(Provided data)

________

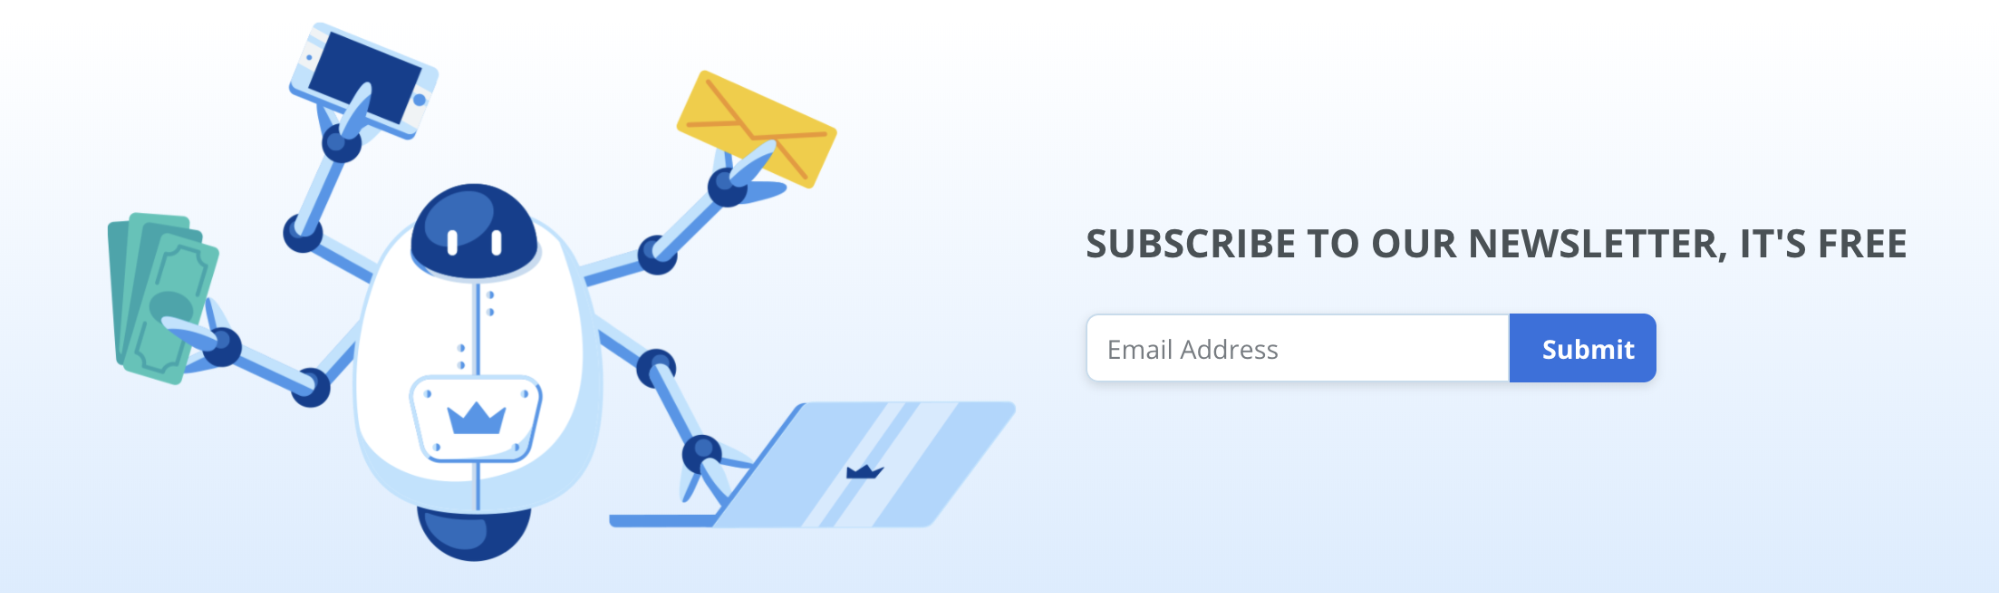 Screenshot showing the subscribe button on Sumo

________

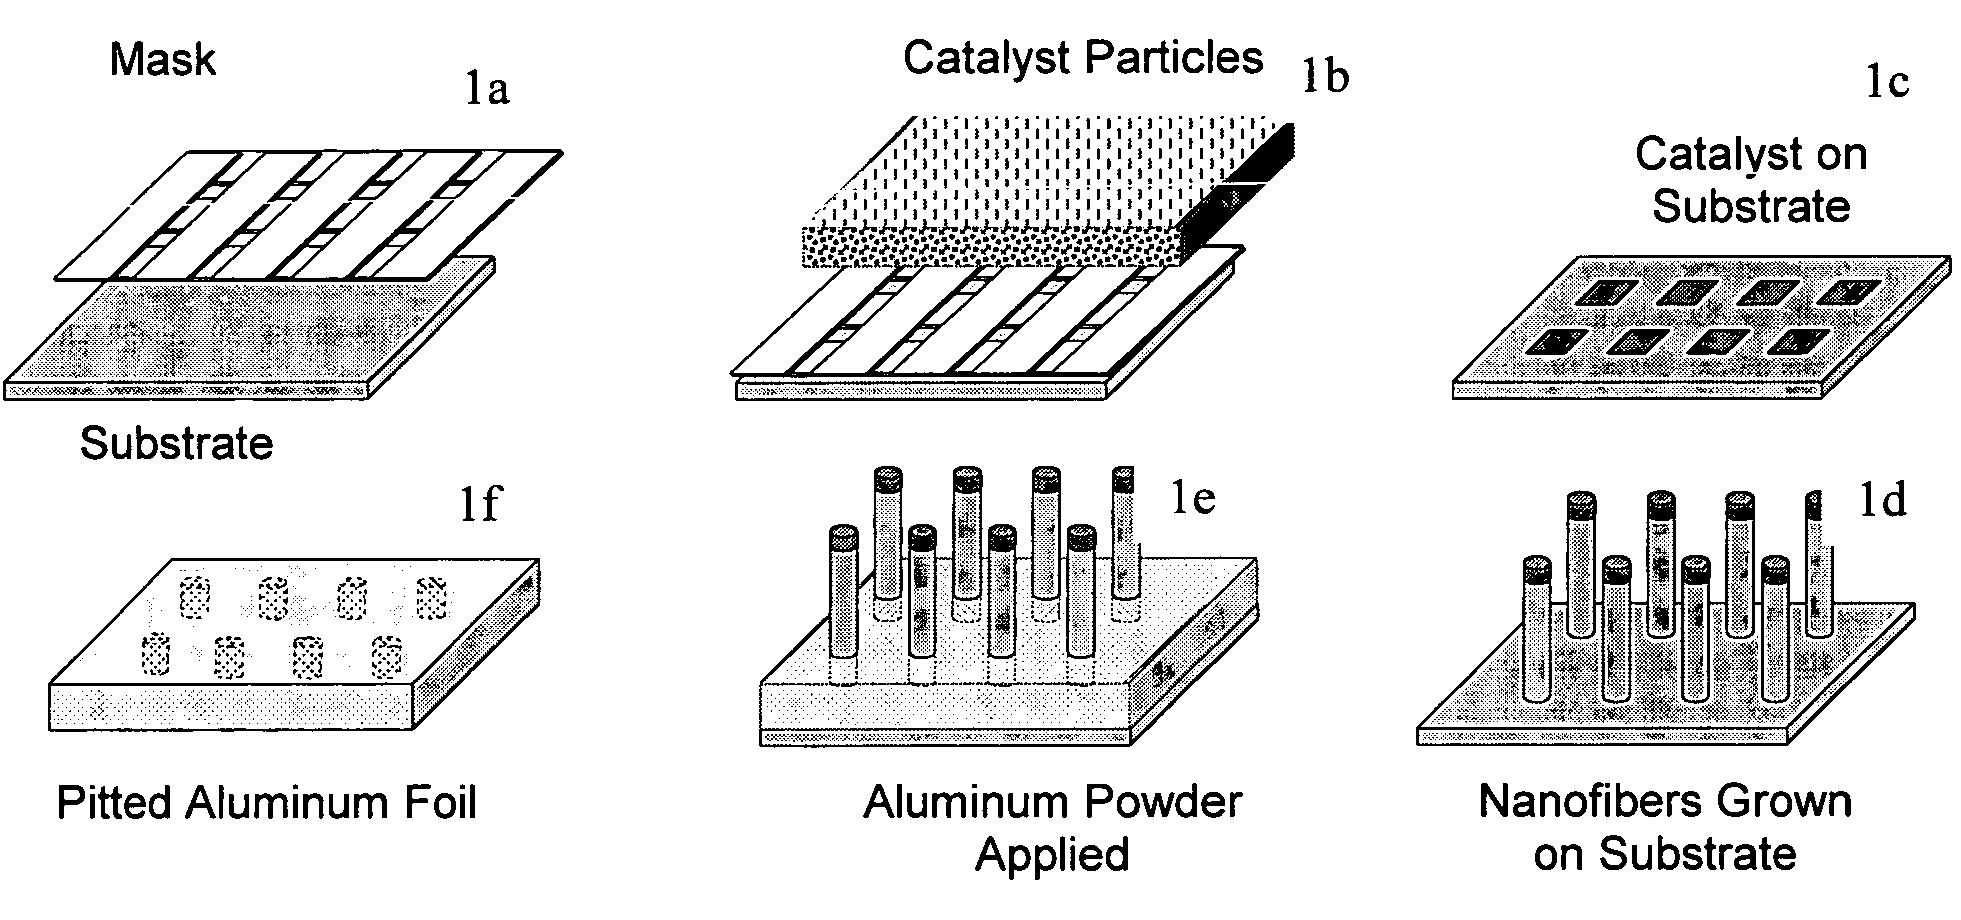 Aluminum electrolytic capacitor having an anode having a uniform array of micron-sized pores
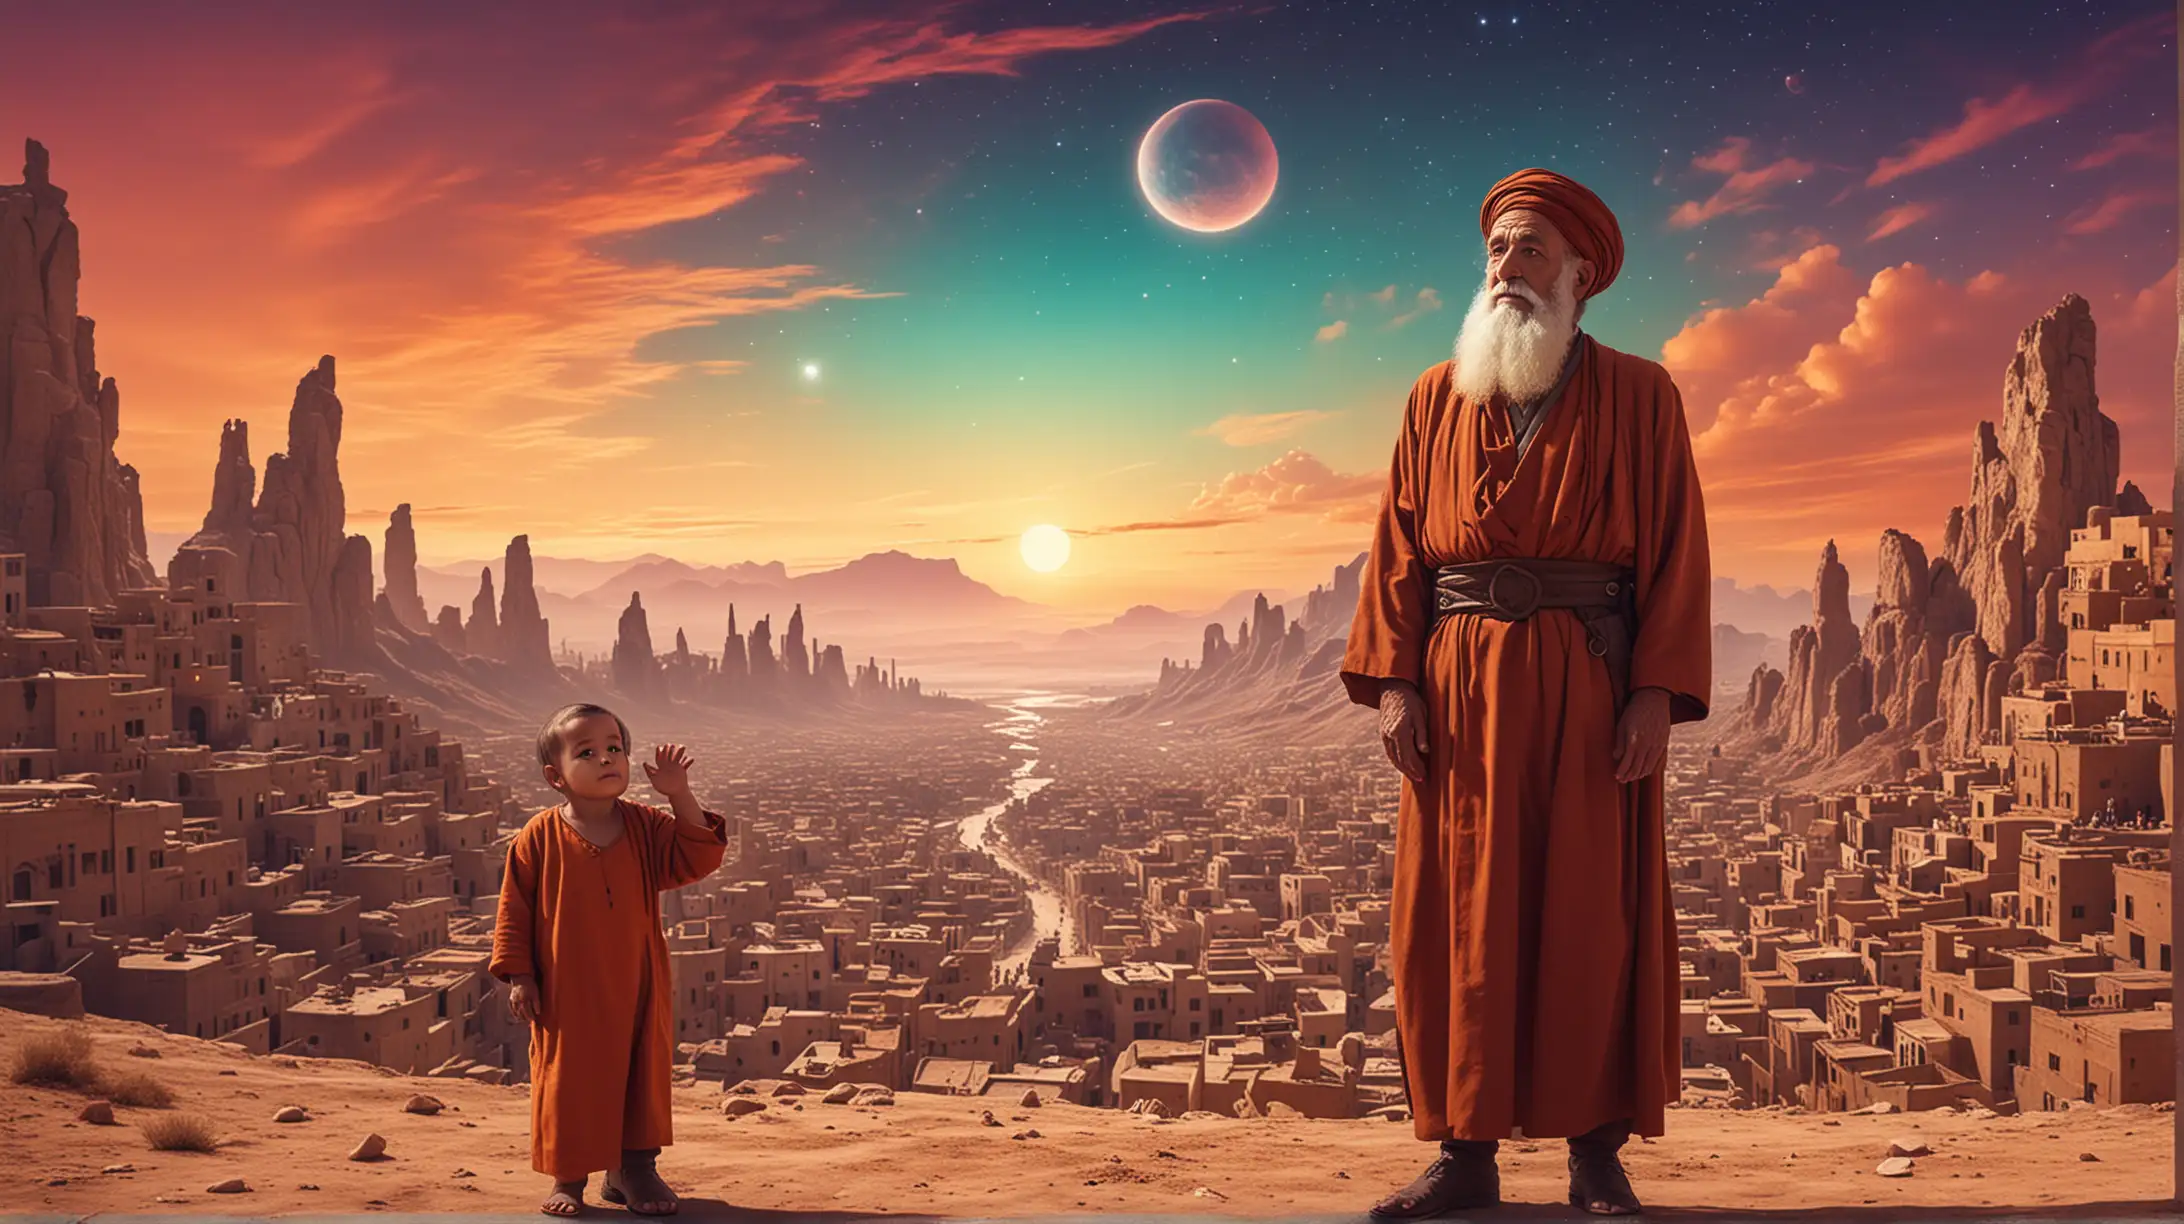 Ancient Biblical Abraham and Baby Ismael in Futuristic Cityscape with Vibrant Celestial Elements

________

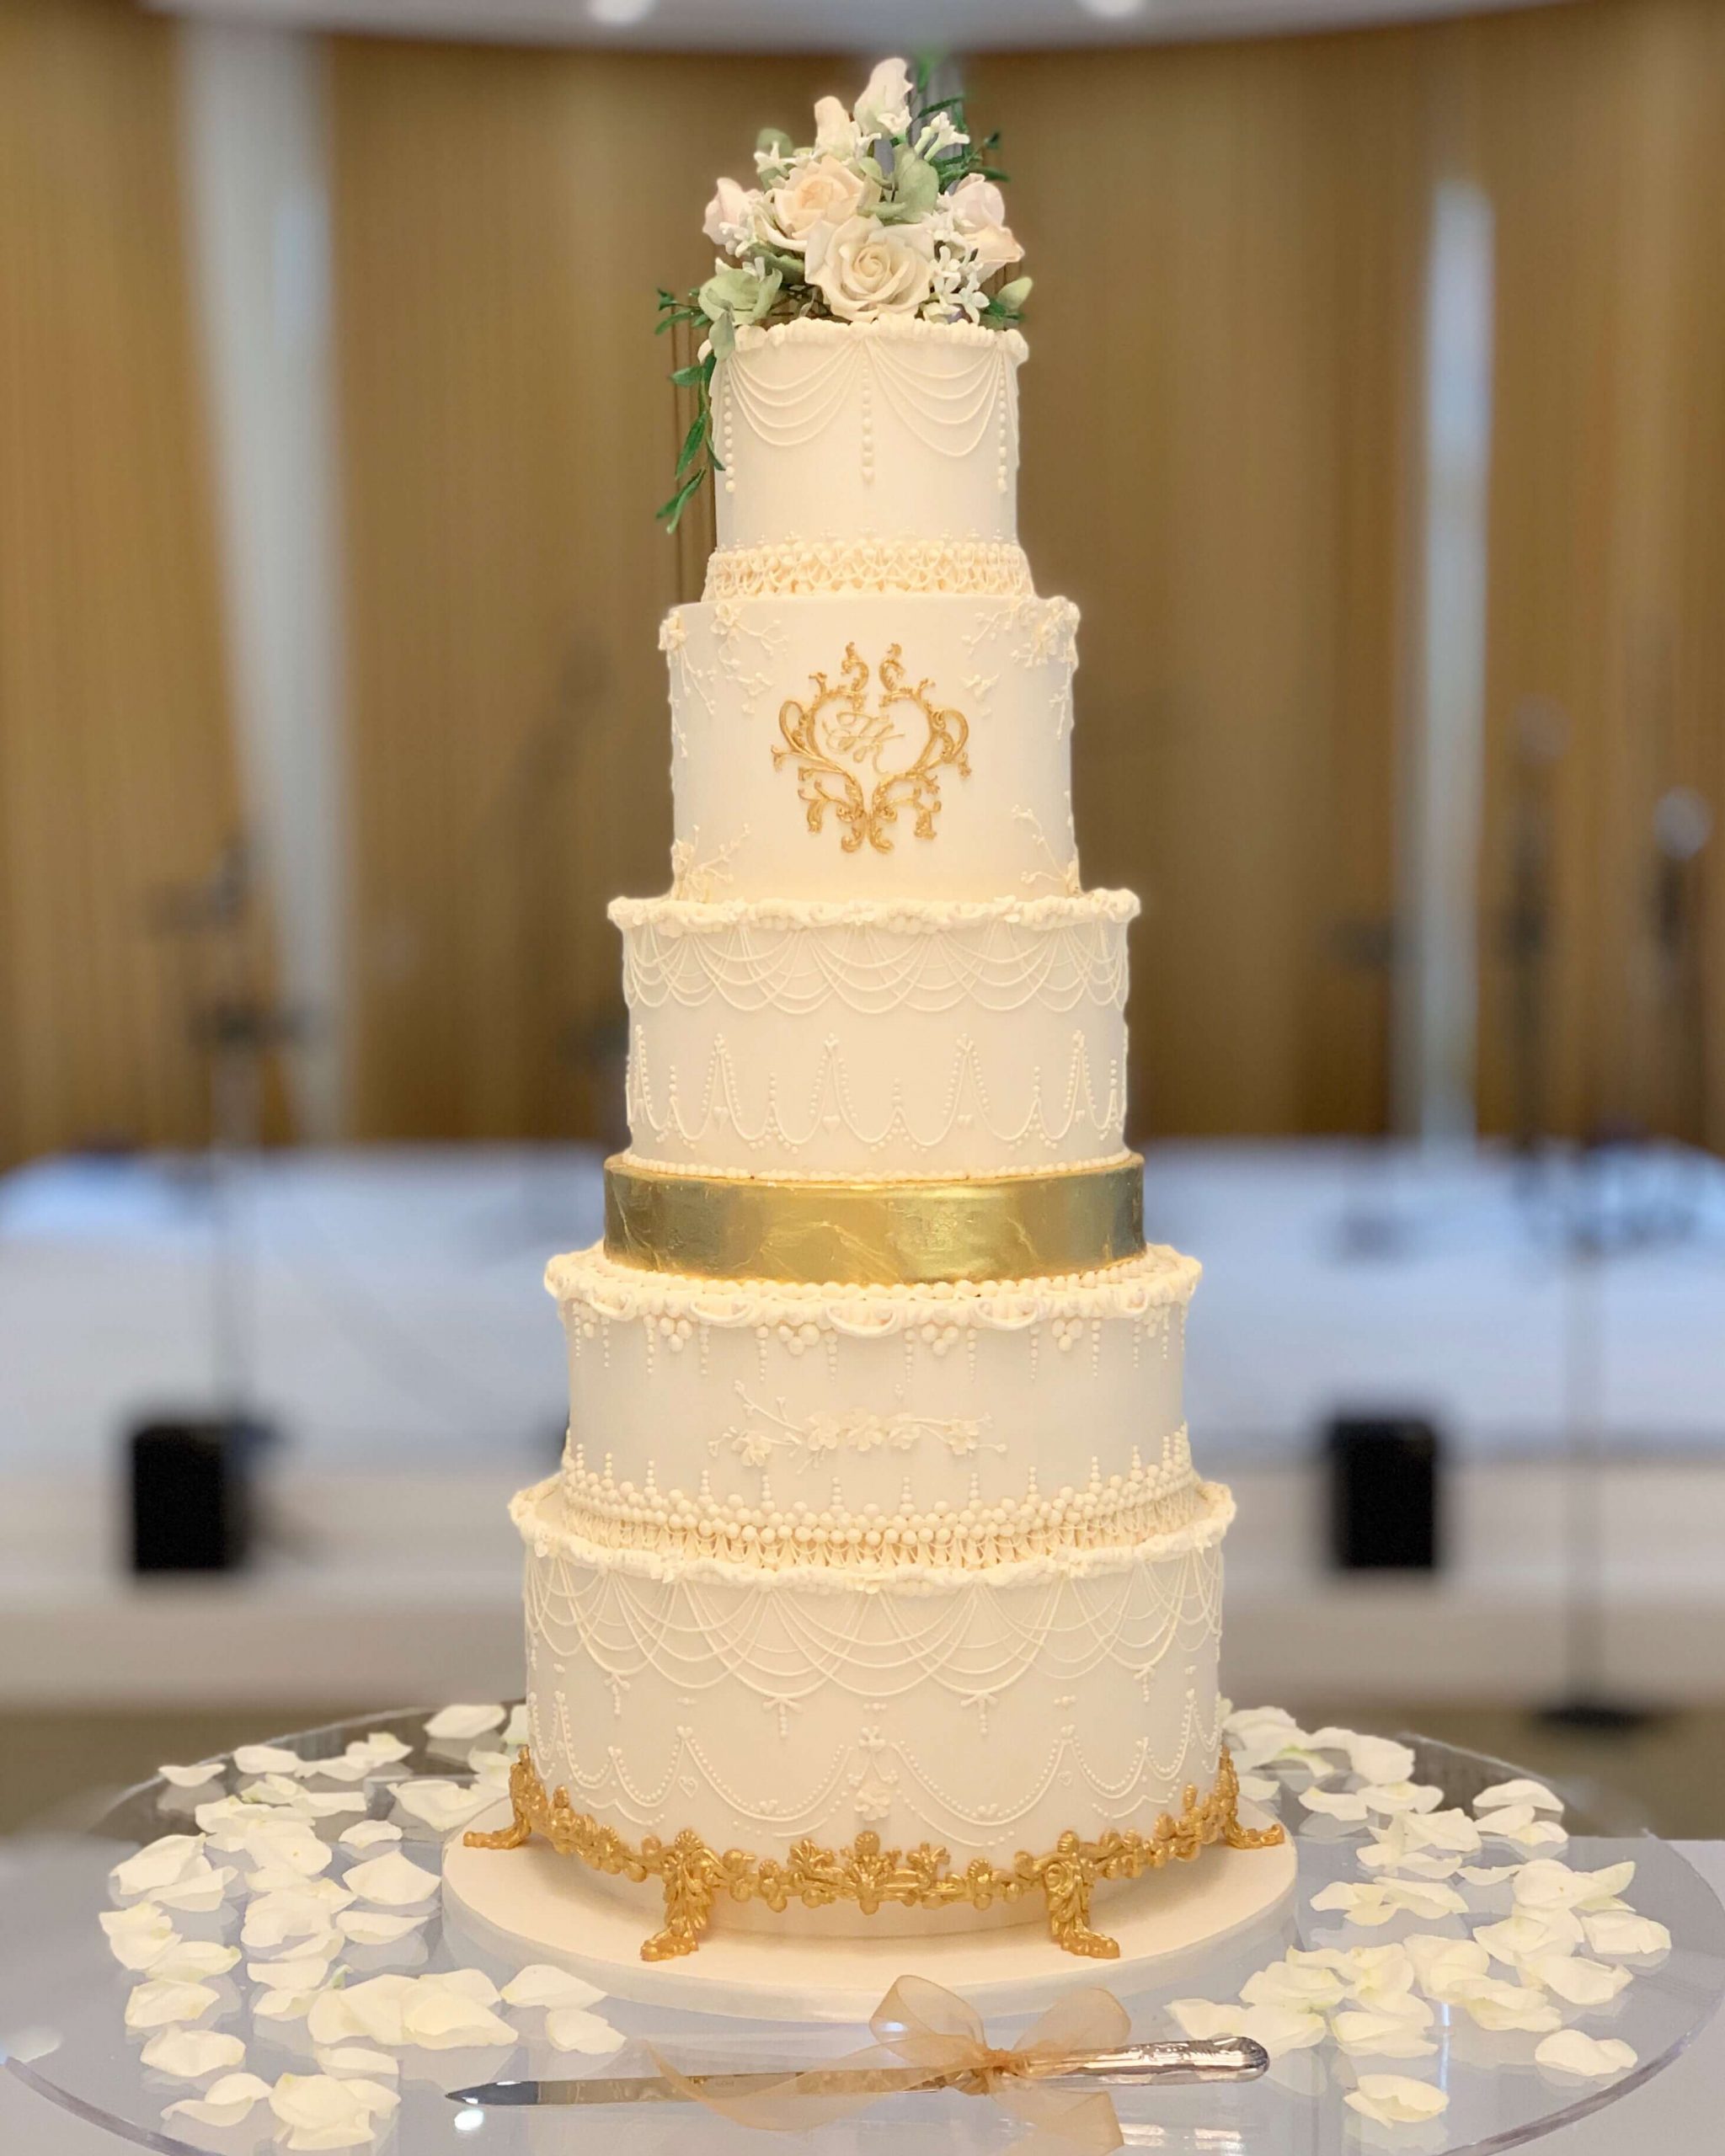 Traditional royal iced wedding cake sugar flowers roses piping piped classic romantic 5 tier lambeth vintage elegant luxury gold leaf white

________

(Task prompt) From the line holding "Aluminum electrolytic capacitor" to the line holding "Ancient Biblical Abraham", both included, retype the entries above exactly and drop the pictures.

(Output)
 Aluminum electrolytic capacitor having an anode having a uniform array of micron-sized pores
 Ancient Biblical Abraham and Baby Ismael in Futuristic Cityscape with Vibrant Celestial Elements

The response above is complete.